A little more than two decades ago, I was co-head of the flagship office of an agency that was really only interested in selling itself to a bigger entity.
That was when I started hearing my colleagues in "leadership" say things like, "we don't want to call ourselves an agency." Or "we're not an agency, we're a consultancy."
That's when I started thinking about what the word agency actually means.
It means you or your business act on behalf of the people or companies paying you. You are agents of their success. George Clooney's agent, or Jennifer Lawrence's work not for their aggrandizement but for the success of their clients. The more an agent helps George Clooney get great parts and great deals, the more money the agent makes. That's the equation. And it's a pretty simple one.

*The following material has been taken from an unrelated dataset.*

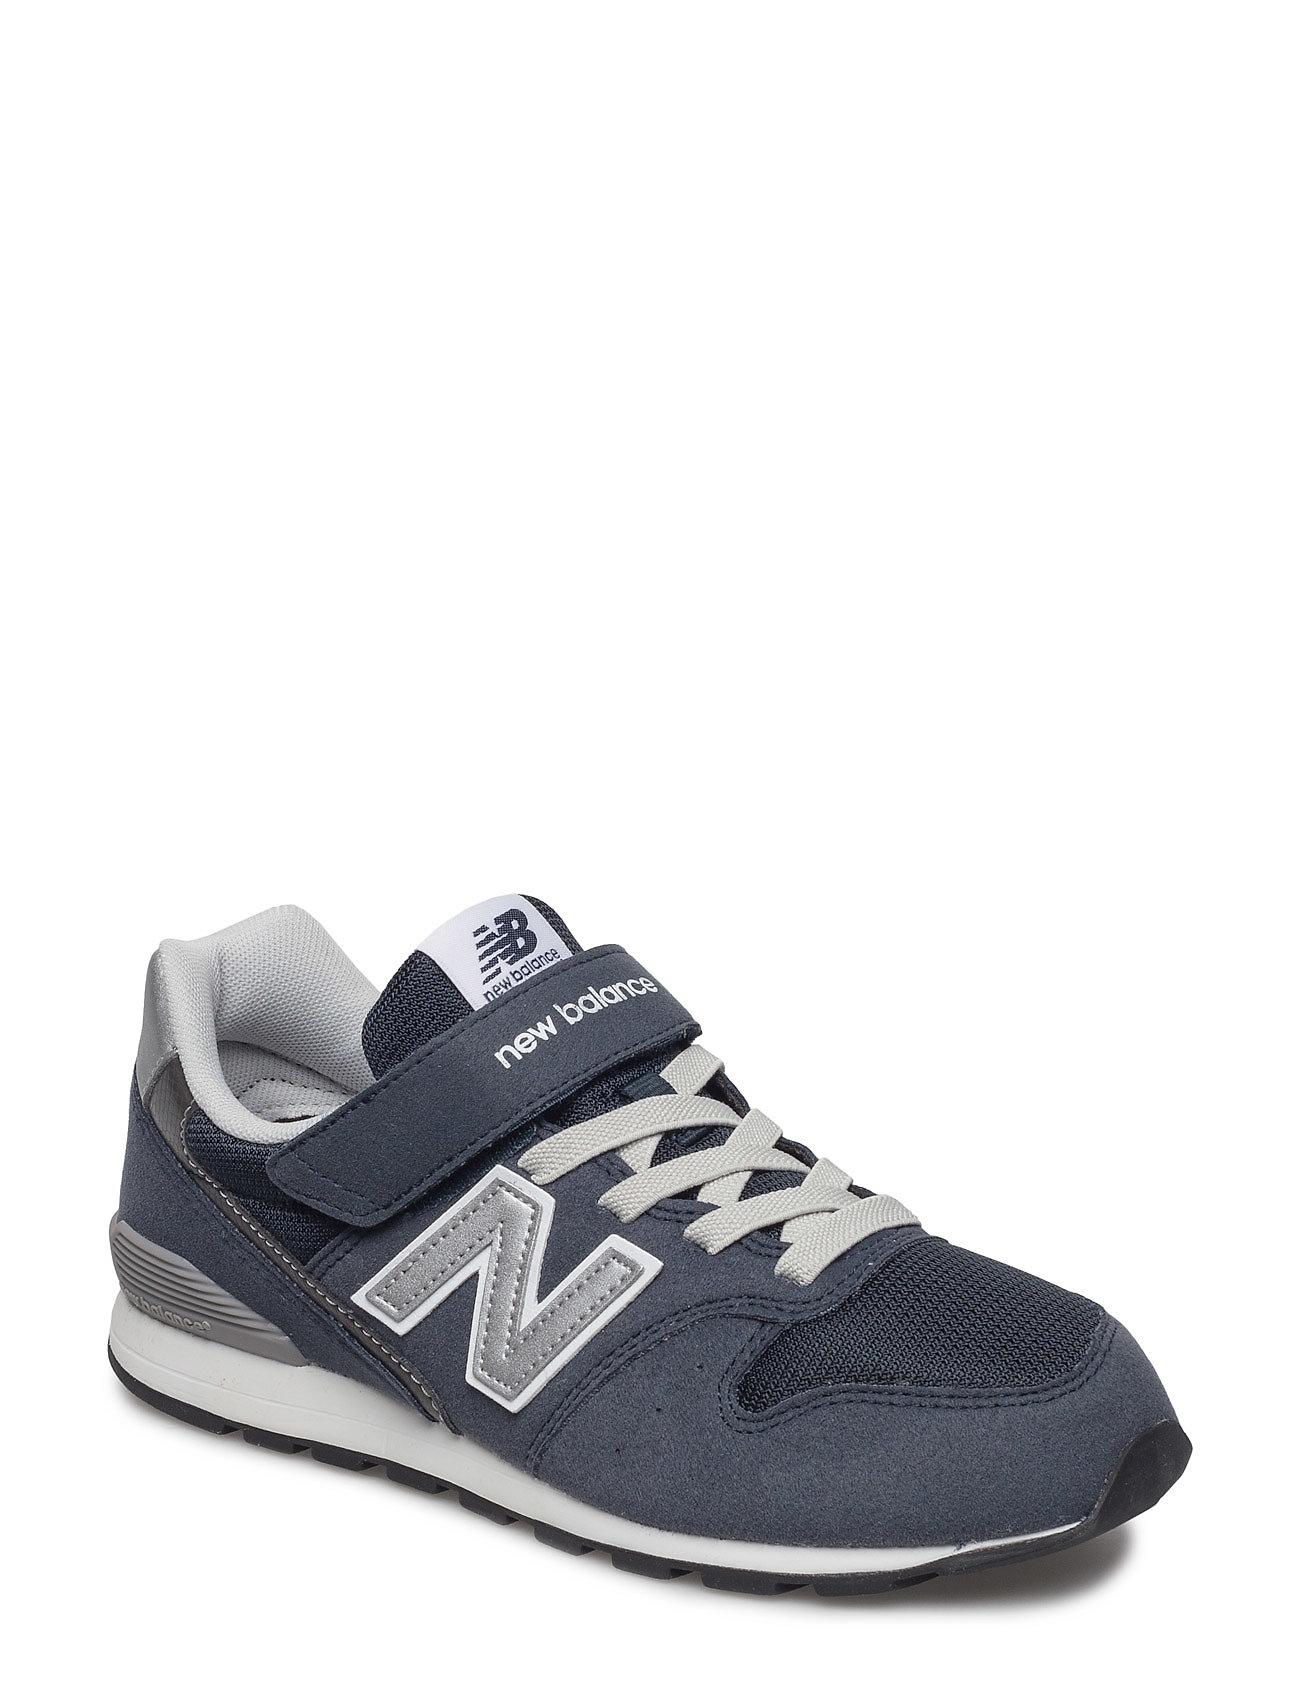 Kv996cky New Balance Sko & Sneakers til Børn i Navy blå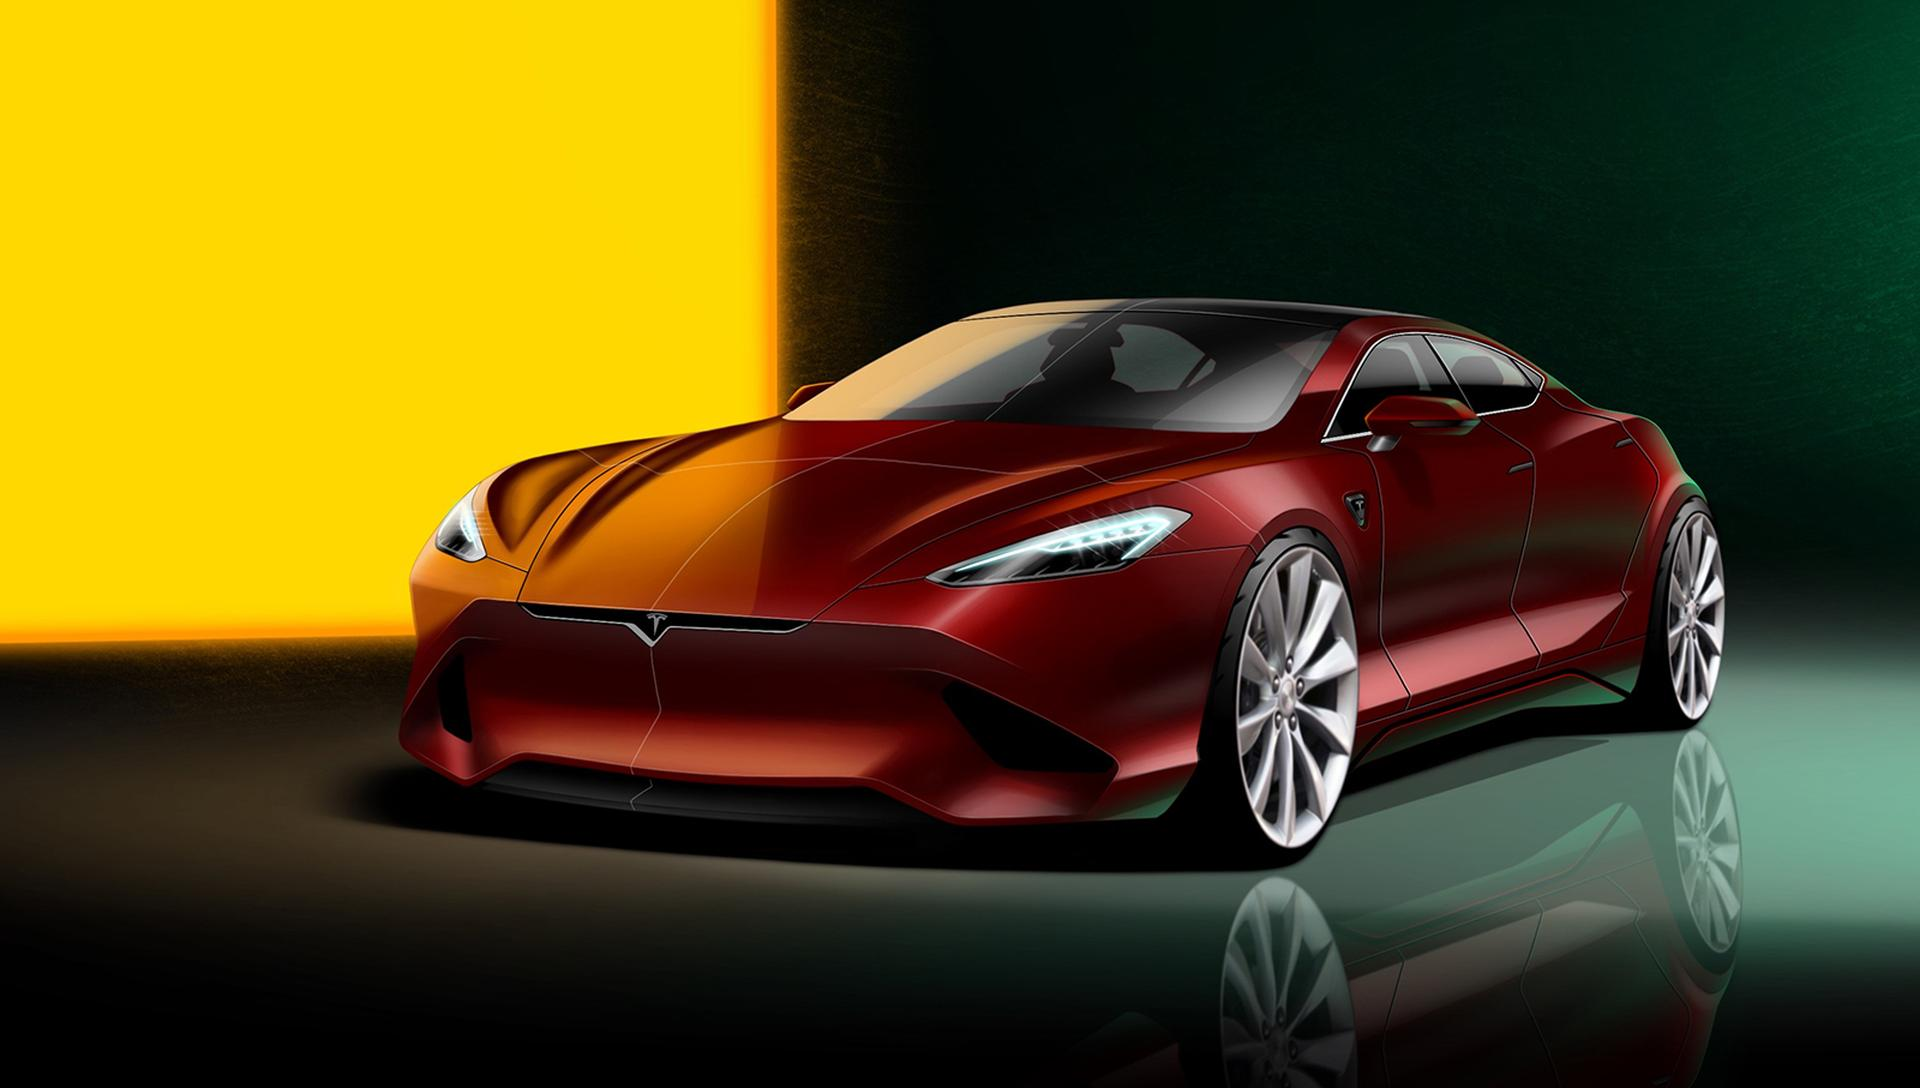 Giorgi Tedoradze zeigt seine nächste Generation des Tesla Model S

Along the way, I suppose when the holding company era came to full-flower, that equation broke down.
An agency's clients were no longer important, the agency's value, and therefore its awards were. Quickly an agency's raison d'ĂȘtre went from making clients look great to making the agency itself look great. The better to gin up their share price and bonus thyself.
Agencies--tautologically--were never supposed to be about self-aggrandizement. They were always supposed to be about client aggrandizement. That's the way agents work. Do well for clients, and my business will do well.
For about a decade now, WPP has been more focused on promoting its success and elan than that of their clients. The visuals above I took from one of their leader's linked in pages. We're connected, having worked together in the 1990s.
Agents in a sense operate behind the scenes. I have a compendious memory and can only think of three agents who are above the line. Swifty Lazar. Michael Ovitz. And Ari Emanuel.
Agents aren't supposed to be known. They're supposed to make those whom they work for be known.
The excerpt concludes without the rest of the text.